4. Screening acid production capacity of lactic acid bacteria:

inoculating the lactobacillus suspension obtained in the step 3 into an MRS liquid culture medium according to the inoculation amount of 1% (volume ratio), culturing at 37 ℃ for 12h, screening out lactobacillus which is 12h and enables the pH of the fermentation liquor to be lower than 4.2, and obtaining 56 strains of lactobacillus in total.

5. Screening of bacteriostatic lactic acid bacteria:

taking pathogenic bacteria (enteropathogenic Escherichia coli, Staphylococcus aureus, Salmonella typhi, Salmonella, Shigella, and Clostridium perfringens) with concentration of 10⁹2mL of CFU/mL of bacterial suspension is added into 200mL of nutrient agar culture medium which is sterilized and then cooled to about 45 ℃, 10mL of unset bacteria-carrying culture medium is sucked and transferred onto the nutrient agar plate which is poured with 10mL of bottom plate, and a plurality of pathogen plates are prepared (the culture medium of pathogen clostridium perfringens is changed into tryptone-sulfite-cycloserine agar, and the culture condition needs strict anaerobic condition).
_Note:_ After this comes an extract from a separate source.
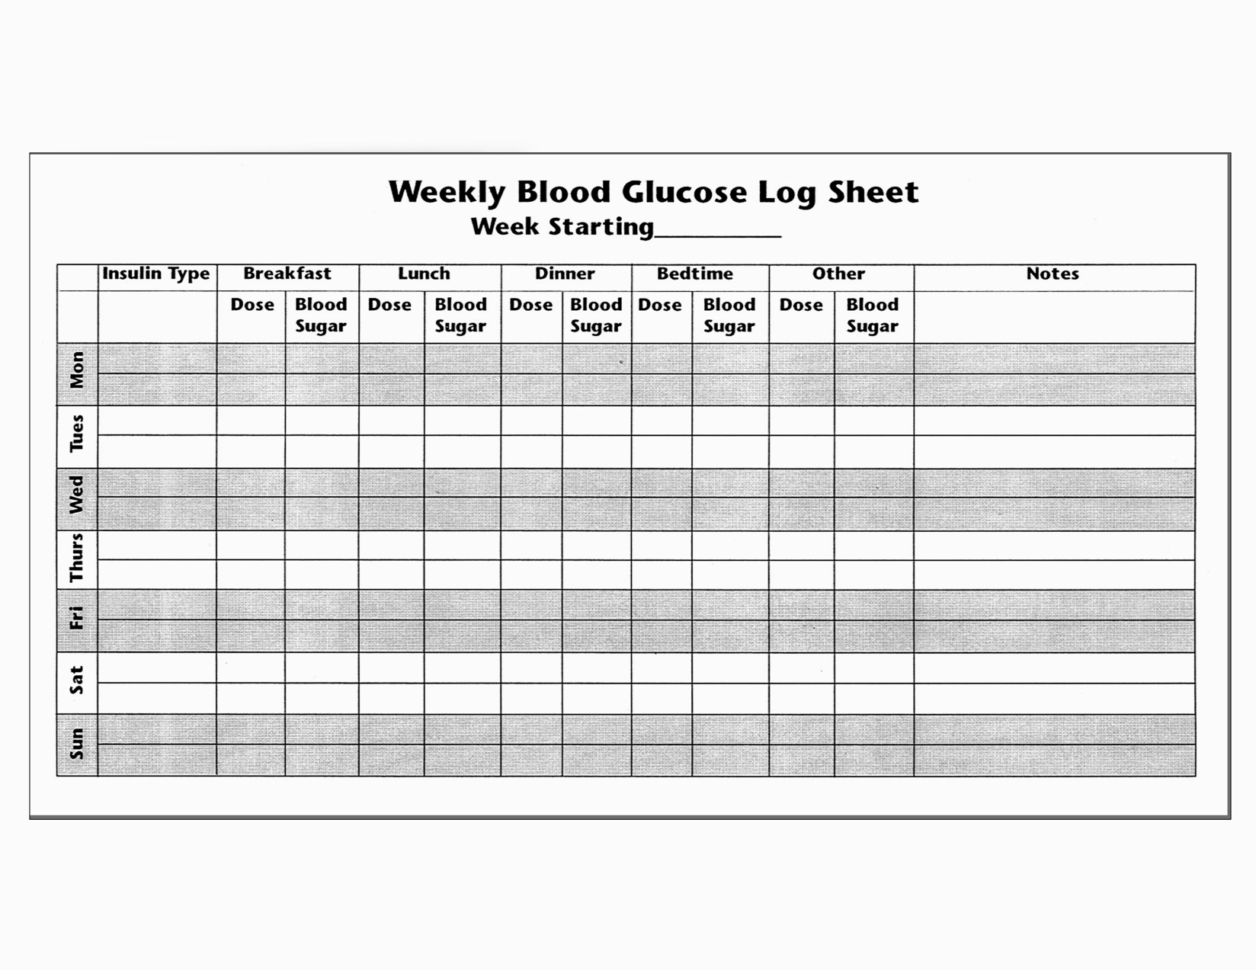 diabetes-glucose-log-spreadsheet-regarding-blood-sugar-journal-template-printable-diabetic-log

Clamping 1 sterilized Oxford cup (a round small tube with the inner diameter of 6mm, the outer diameter of 8mm and the height of 10 mm) on each pathogen nutrition agar plate on an ultraclean workbench by using sterile tweezers, putting the sterilized Oxford cups on a plate, enabling the sterilized Oxford cups to be in contact with a culture medium without gaps, after several minutes, respectively sucking 200 mu L of suspected lactobacillus strain fermentation liquor (obtained in the step 3) into the Oxford cups, and culturing at the constant temperature of 37 ℃ for 24 hours. At least 3 times of each strain are repeated, and the size of the inhibition zone is observed and measured, wherein the number of the strains with the large inhibition zone is 9, and the strains are respectively marked as B802, B3601, B4401, B5202, B6401, B6802, B7201, B7202 and B8003.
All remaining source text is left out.